The day began with breakfast at a local place that I would not have gone near when I first got here, I guess I am adapting. Unfortunately everyone seems to eat the same thing for breakfast, lunch and dinner here, and I am getting tired of rice and dhal.
Saturday we spent the day with Save the Children. They have a nice office with internet access and western toilets – these are my Bangladeshi essentials, I will gladly live without a TV or a/c to get a western toilet. In fact you delay going a lot here in hopes that there is a better bathroom at the next stop.
Save the Children is funded by USAID, your tax dollars, so they are slightly Americanized compared to Grameen and BRAC. They have much more rigorous studies in place to show that programs work before they spend a lot of money on them. They actually make you sign release forms and get approval from people before you can put them on camera. They have PowerPoint presentations to show you all their research (Bangladeshi groups have printed brochures for everything). And they put US flags on all the products they distribute. In the case of commodities like wheat and peas I hear this is a big disruption to the local market, as all the product USAID sends is from US farmers – keeping them in business and hurting the local farmers in the countries we are trying to help. That’s not to say that emergency aid isn’t a great thing, it’s the long term programs that continue to send American product that seem to be the issue.
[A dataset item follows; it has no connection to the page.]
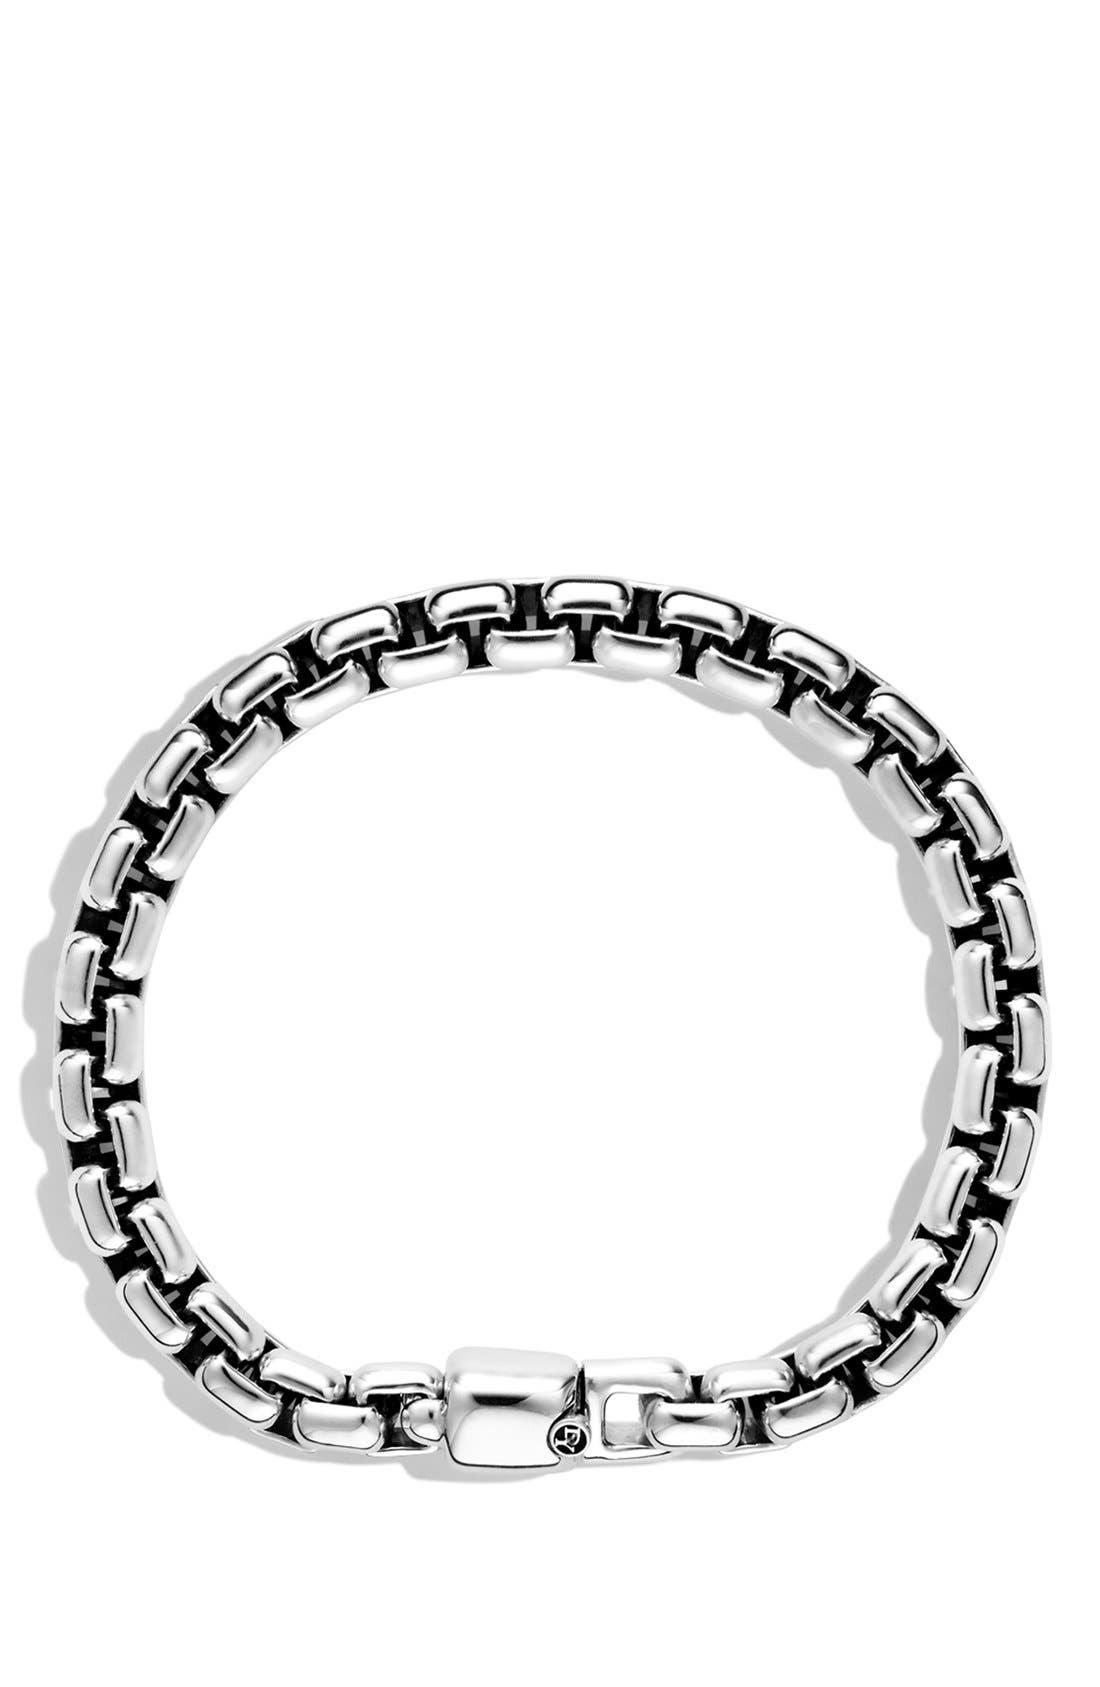 Alternate Image 2  - David Yurman 'Chain' Box Chain Bracelet

After a couple of PowerPoint presentations and lunch (rice and dhal) we went out to see two village safe houses that have been built for girls to come to play and talk to each other, as well as get lessons on hygiene, finance and job training. They were a lot like the ones we saw in Dhaka, but it is great to see how different organizations are implementing the programs that seem to work. When we talk to the girls they often have questions for us, they usually go in this order: Where are you from? Are you married? How many children do you have? There is one woman on this part of the trip with us who is not married, and she has gotten tired of the sad looks, so she is now inventing husbands. If you invent a spouse you have to have a back story, because there can be follow up questions. One day I got asked what my wife does and I told them she works at the Humane Society helping animals. The interpreter looked at me with a blank stare and had no idea what to say. I tried to explain that they rescue stray animals and adopt them out to good homes. Again nothing. In a country where, I am guessing, 90% of the dogs and cats just hang around the village and eat whatever scarps they can find, this is a very foreign concept.
When we got back from the village we all went to dinner (rice and dhal). Our guides have been a little taken aback by how early we eat. They usually eat dinner at 9 or 10 p.m. and they are worried they will be hungry again if they eat with us at 7:30 p.m. We keep telling them they will digest their food better if they eat with us and then go for a walk. This is pretty funny when we outweigh each of them by 20-50 pounds.
Tomorrow we have been promised to go out for Chinese food for dinner.